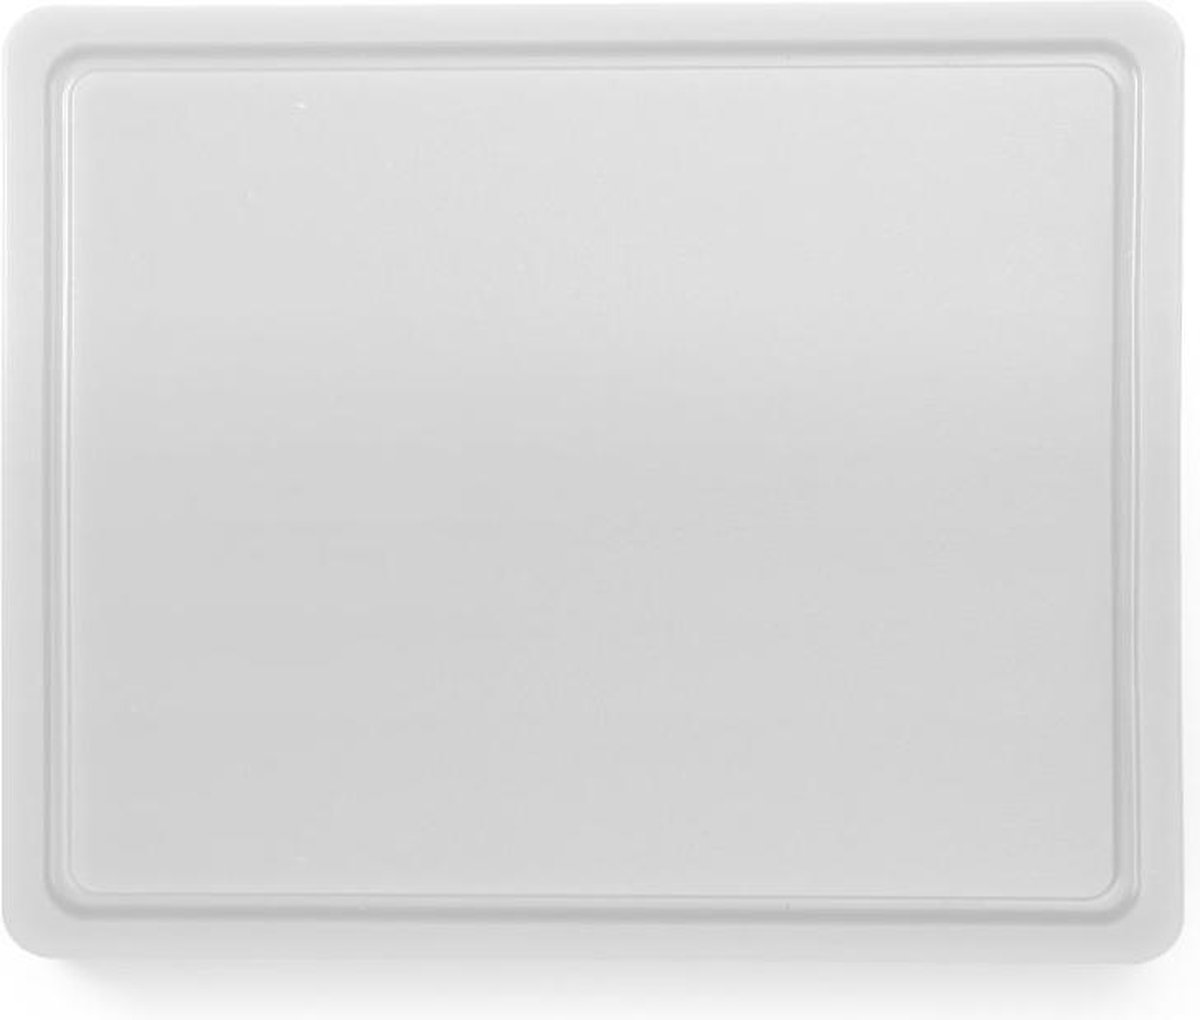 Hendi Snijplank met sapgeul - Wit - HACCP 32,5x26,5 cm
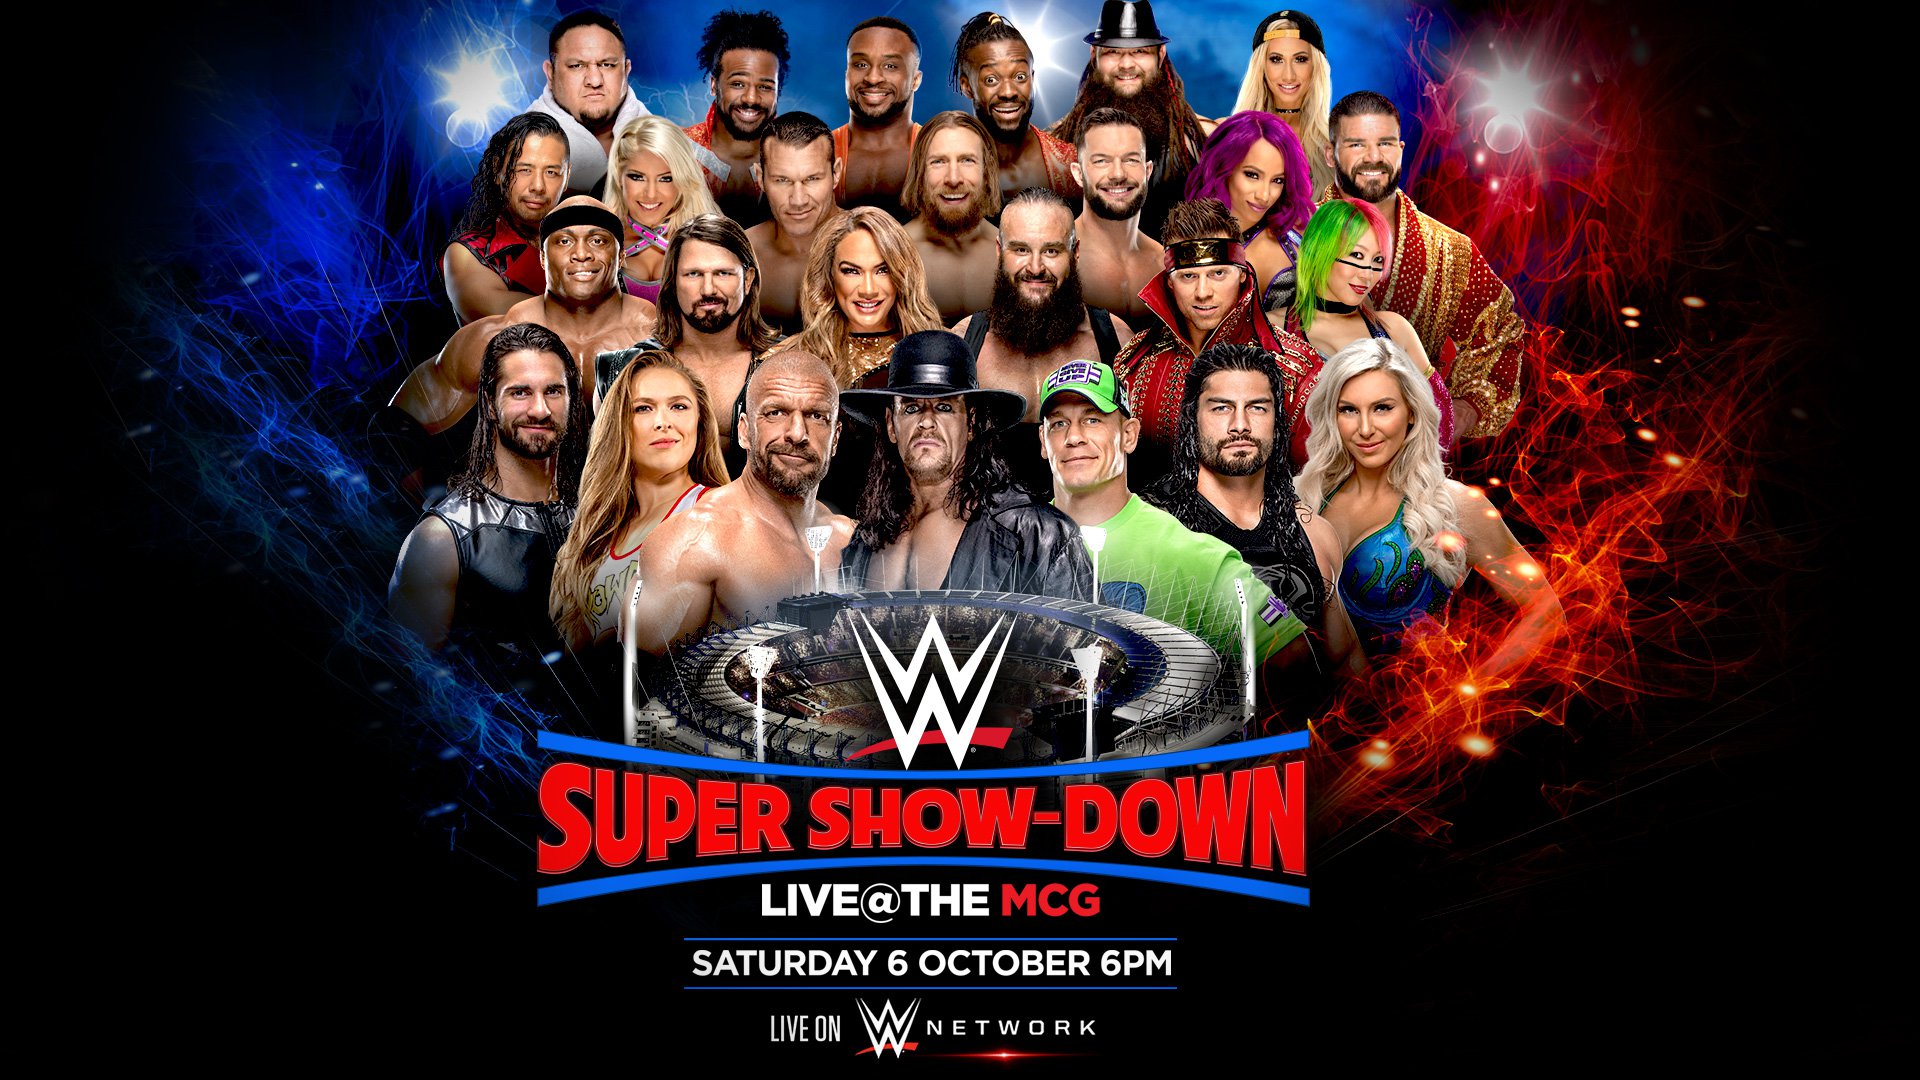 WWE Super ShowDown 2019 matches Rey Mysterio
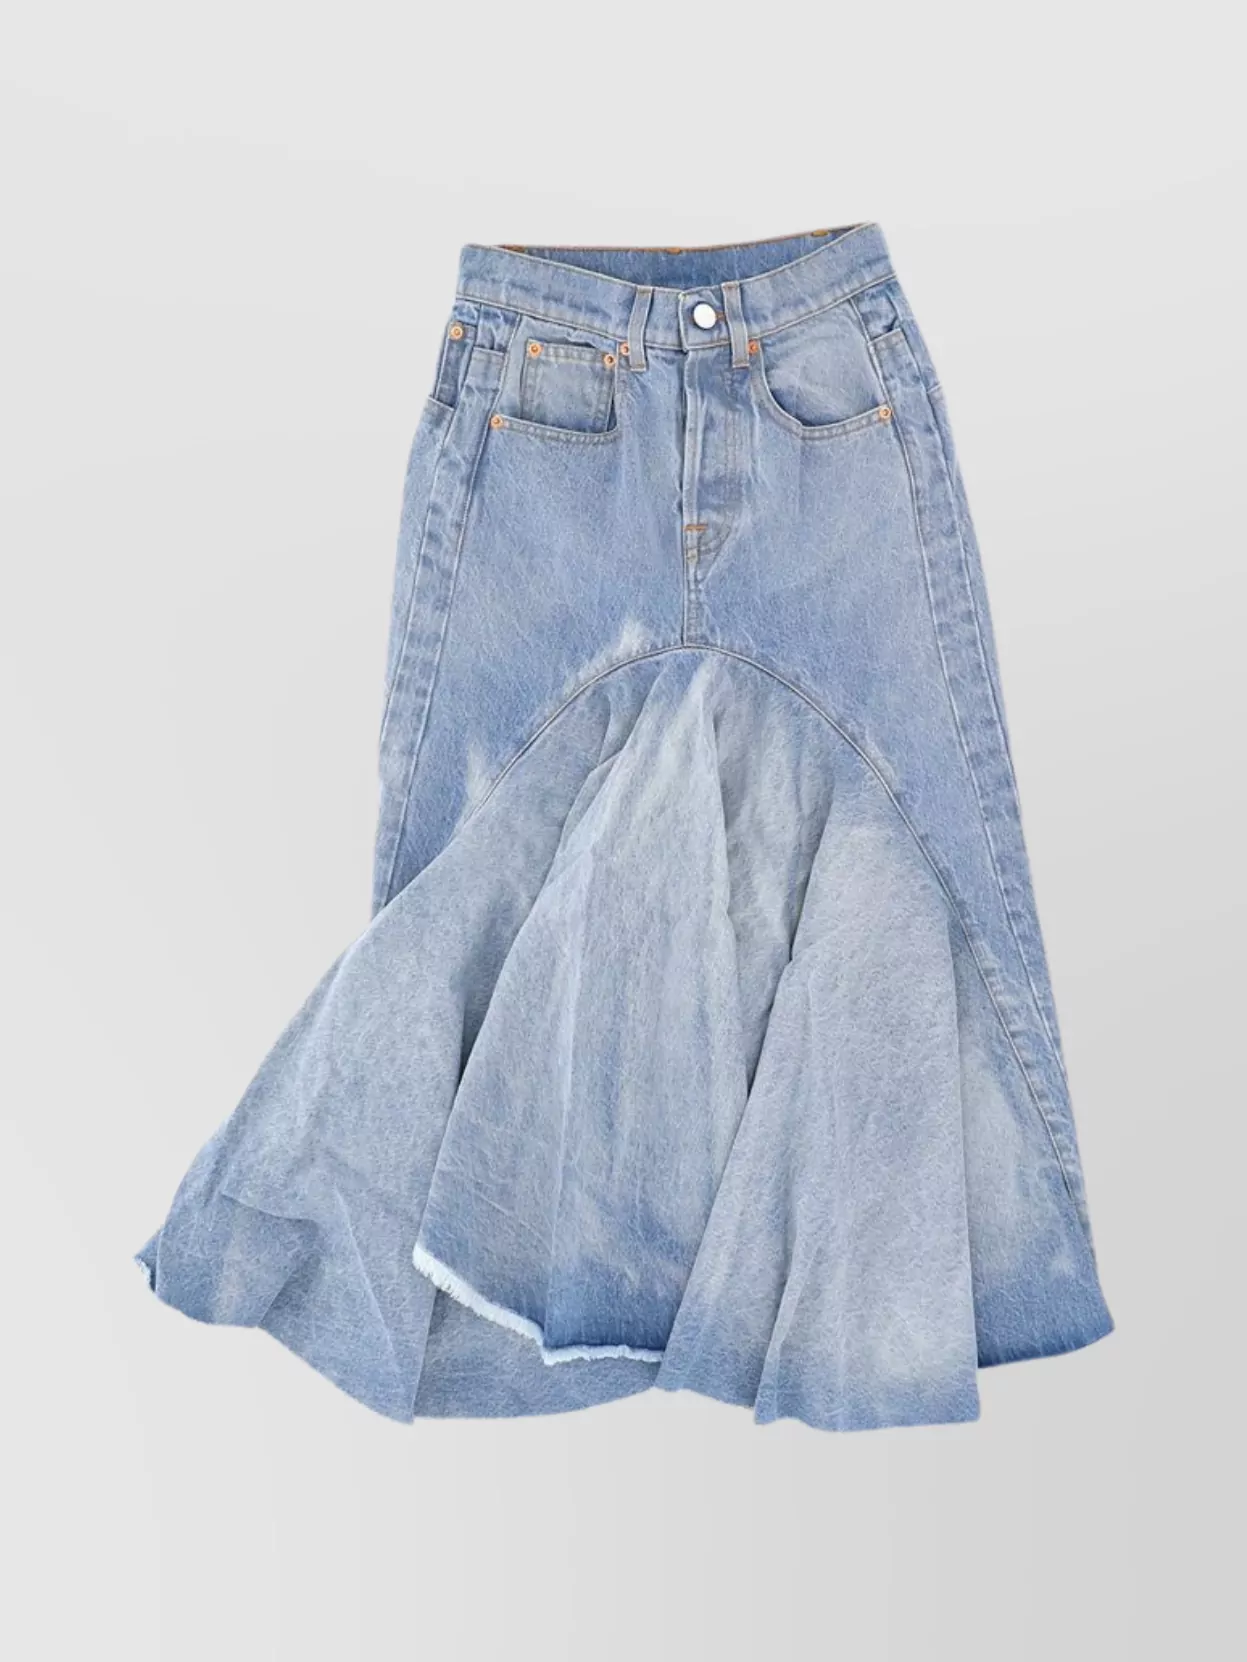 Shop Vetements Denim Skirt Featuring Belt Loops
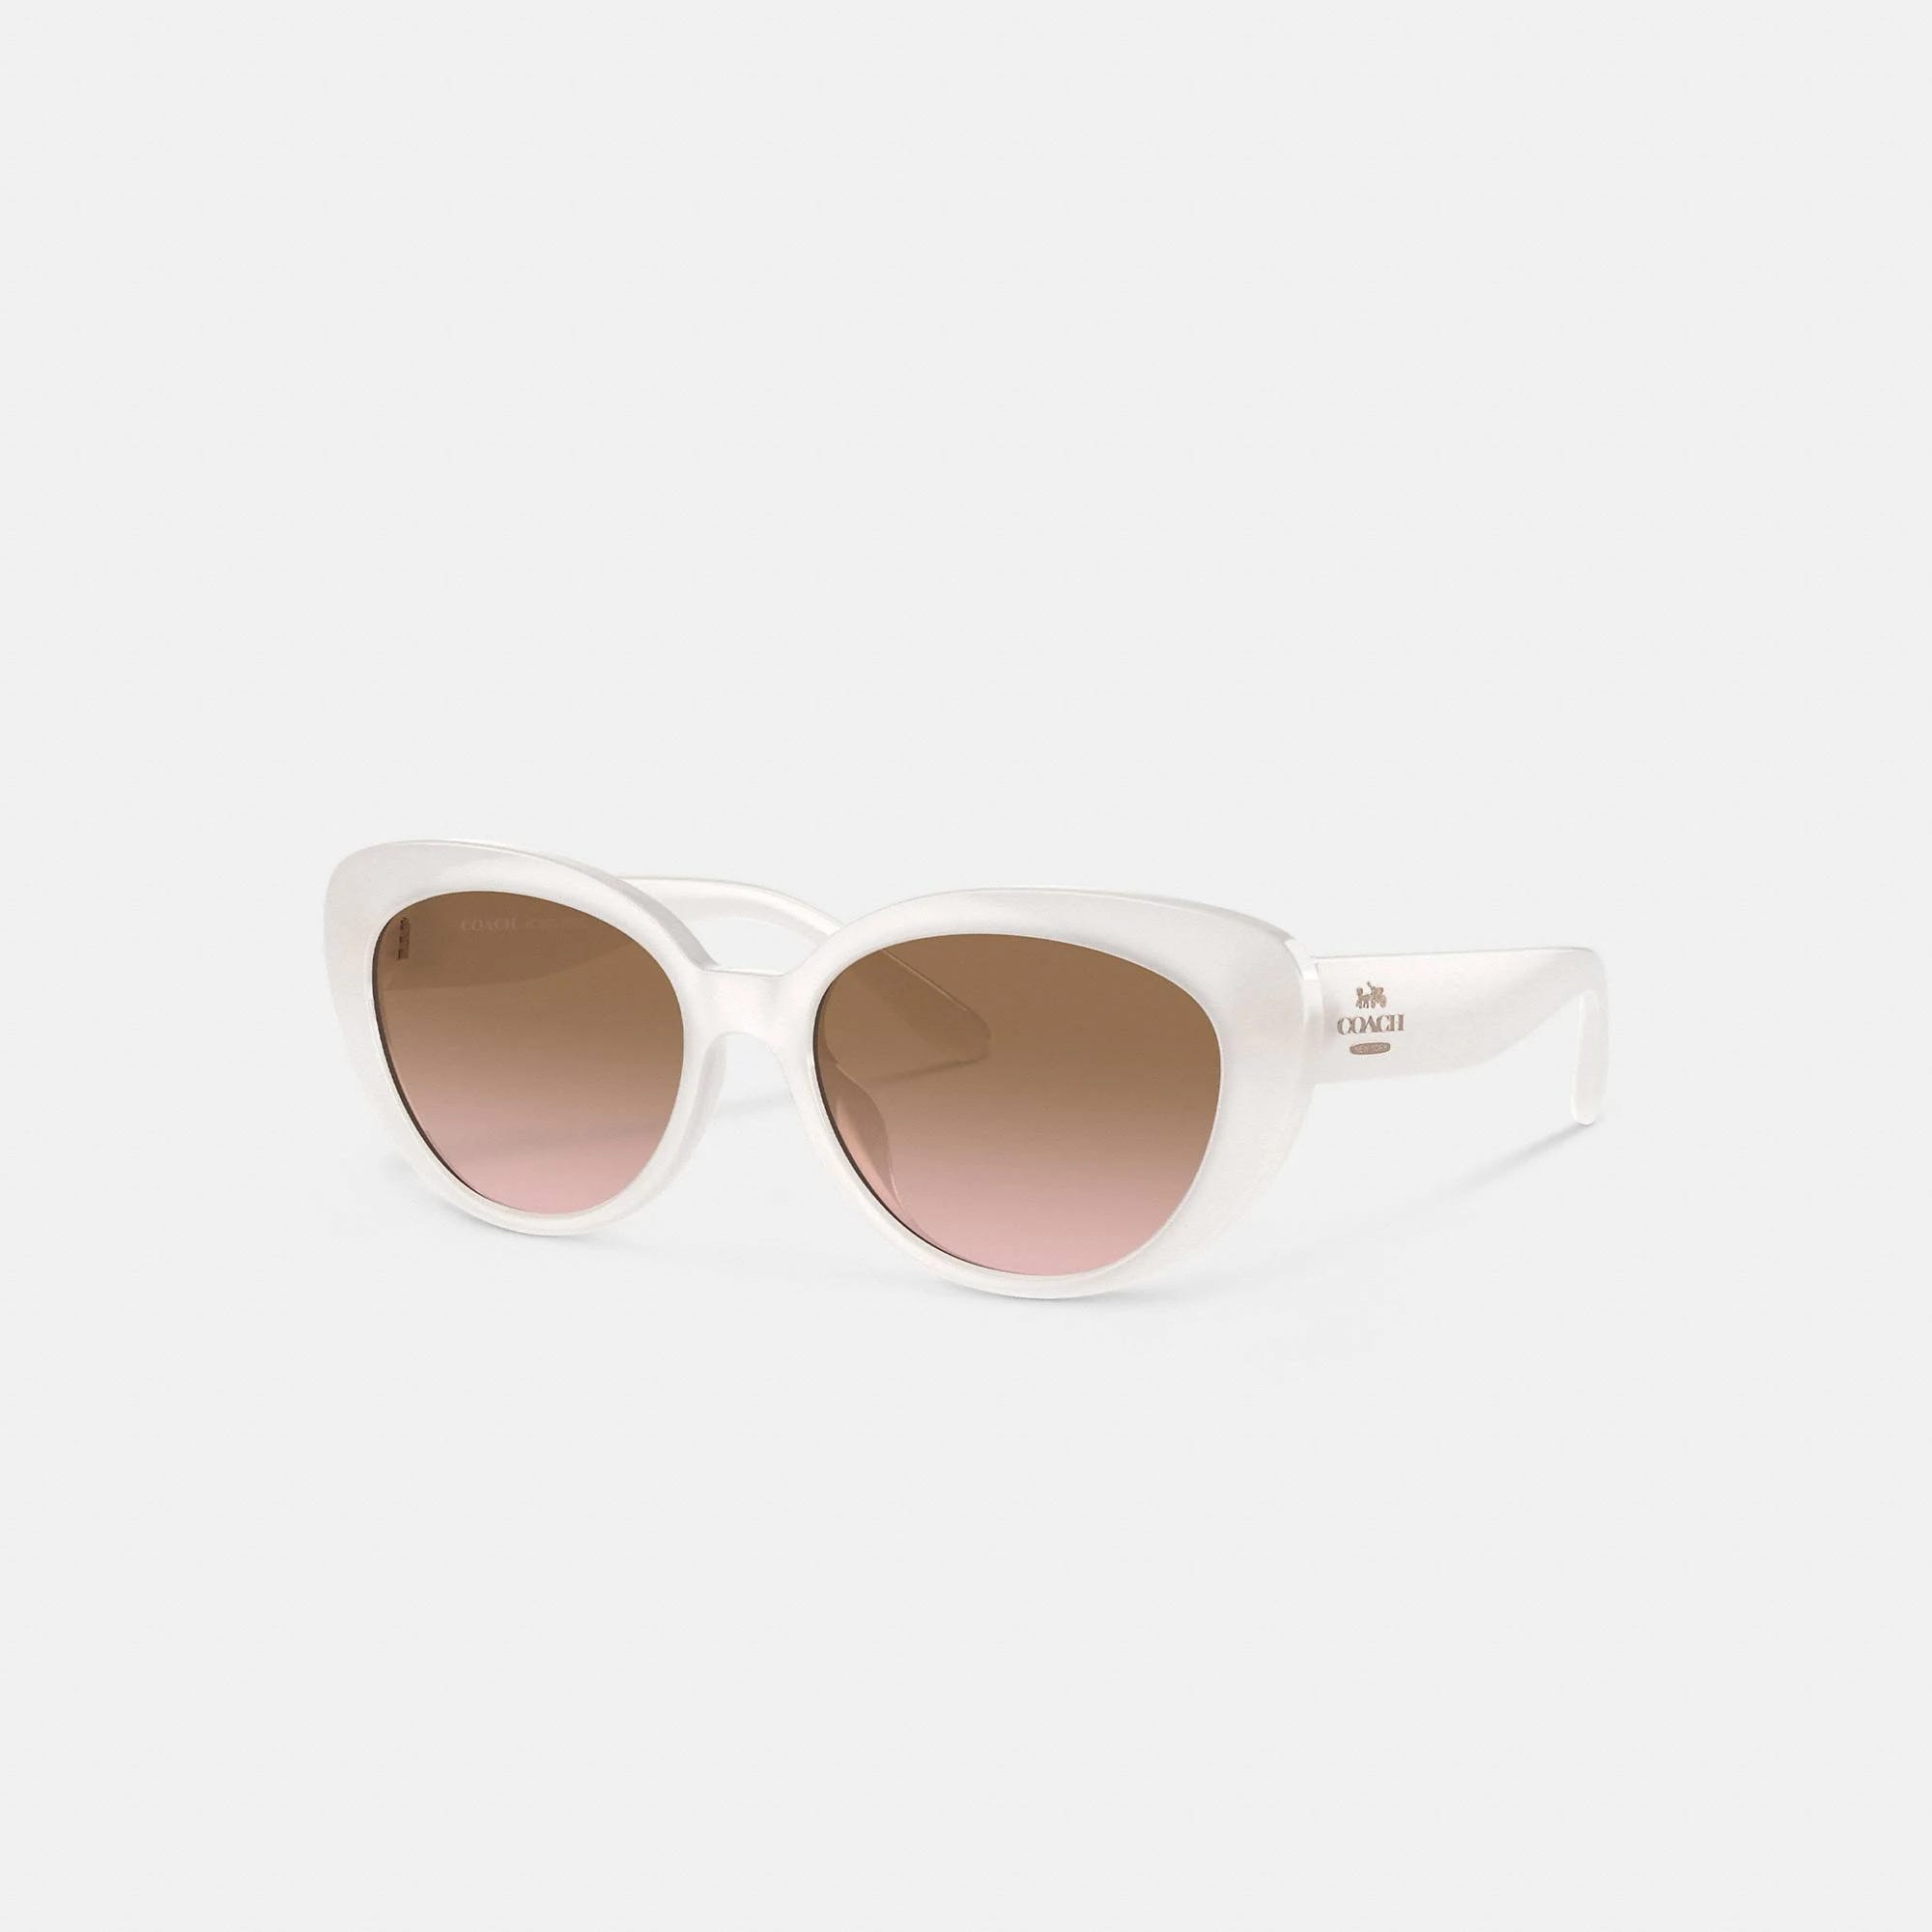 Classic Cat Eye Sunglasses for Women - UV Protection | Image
====
YOUR ASSIGNMENT: After locating the line that contains "Shop Vetements Denim", output it and all later lines through the end of the material exactly, leaving out pictures.

OUTPUT:
 Shop Vetements Denim Skirt Featuring Belt Loops
 Classic Cat Eye Sunglasses for Women - UV Protection | Image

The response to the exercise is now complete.